§ WHAT YOU WILL DO
Lines before the one containing "Emma Watson image by malcolmrey" are left out; that line and all after it, through the end of the records, must be transcribed exactly.

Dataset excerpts
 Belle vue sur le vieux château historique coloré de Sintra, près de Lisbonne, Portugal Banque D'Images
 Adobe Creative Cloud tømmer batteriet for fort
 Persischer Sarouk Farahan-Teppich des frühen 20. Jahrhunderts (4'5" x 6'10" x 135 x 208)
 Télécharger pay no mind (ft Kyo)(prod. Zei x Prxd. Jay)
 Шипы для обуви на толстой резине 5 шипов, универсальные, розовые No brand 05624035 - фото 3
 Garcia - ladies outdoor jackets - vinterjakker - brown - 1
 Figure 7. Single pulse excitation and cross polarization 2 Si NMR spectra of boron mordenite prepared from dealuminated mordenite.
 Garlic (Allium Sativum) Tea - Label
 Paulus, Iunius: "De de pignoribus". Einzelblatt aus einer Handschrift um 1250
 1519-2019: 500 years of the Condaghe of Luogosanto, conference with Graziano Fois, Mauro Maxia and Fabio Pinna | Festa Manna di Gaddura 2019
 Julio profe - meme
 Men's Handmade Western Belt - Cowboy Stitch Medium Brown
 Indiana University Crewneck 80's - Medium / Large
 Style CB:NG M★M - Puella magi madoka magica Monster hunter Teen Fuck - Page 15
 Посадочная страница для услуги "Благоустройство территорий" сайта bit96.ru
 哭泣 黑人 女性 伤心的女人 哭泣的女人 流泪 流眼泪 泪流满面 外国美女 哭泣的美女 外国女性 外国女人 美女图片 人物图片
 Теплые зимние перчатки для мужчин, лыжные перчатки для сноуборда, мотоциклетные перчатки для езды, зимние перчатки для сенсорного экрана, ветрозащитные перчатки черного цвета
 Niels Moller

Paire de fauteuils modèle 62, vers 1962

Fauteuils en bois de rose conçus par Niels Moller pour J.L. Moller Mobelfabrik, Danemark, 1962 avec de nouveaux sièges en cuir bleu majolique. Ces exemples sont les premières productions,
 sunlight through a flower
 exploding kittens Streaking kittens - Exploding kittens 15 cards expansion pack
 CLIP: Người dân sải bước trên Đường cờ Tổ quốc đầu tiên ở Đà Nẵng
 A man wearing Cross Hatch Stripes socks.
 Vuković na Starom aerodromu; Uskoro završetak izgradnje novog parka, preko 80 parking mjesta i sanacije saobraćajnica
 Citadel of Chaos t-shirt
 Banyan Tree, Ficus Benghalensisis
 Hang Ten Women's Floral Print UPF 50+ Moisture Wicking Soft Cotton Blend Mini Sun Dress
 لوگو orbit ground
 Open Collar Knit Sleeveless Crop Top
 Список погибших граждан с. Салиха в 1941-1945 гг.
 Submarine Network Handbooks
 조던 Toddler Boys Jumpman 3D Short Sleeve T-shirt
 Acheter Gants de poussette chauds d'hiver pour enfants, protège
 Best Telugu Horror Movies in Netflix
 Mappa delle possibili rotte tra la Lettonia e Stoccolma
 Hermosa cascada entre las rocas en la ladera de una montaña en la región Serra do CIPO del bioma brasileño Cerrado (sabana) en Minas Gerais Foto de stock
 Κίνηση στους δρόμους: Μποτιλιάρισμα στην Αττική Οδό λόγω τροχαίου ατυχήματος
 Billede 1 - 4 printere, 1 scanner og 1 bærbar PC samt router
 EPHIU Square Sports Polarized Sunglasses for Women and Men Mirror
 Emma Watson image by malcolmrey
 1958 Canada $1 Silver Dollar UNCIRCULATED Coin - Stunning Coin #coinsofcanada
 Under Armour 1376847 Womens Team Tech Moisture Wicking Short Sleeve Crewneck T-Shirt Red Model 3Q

§ OUTPUT OF THE TASK
 Emma Watson image by malcolmrey
 1958 Canada $1 Silver Dollar UNCIRCULATED Coin - Stunning Coin #coinsofcanada
 Under Armour 1376847 Womens Team Tech Moisture Wicking Short Sleeve Crewneck T-Shirt Red Model 3Q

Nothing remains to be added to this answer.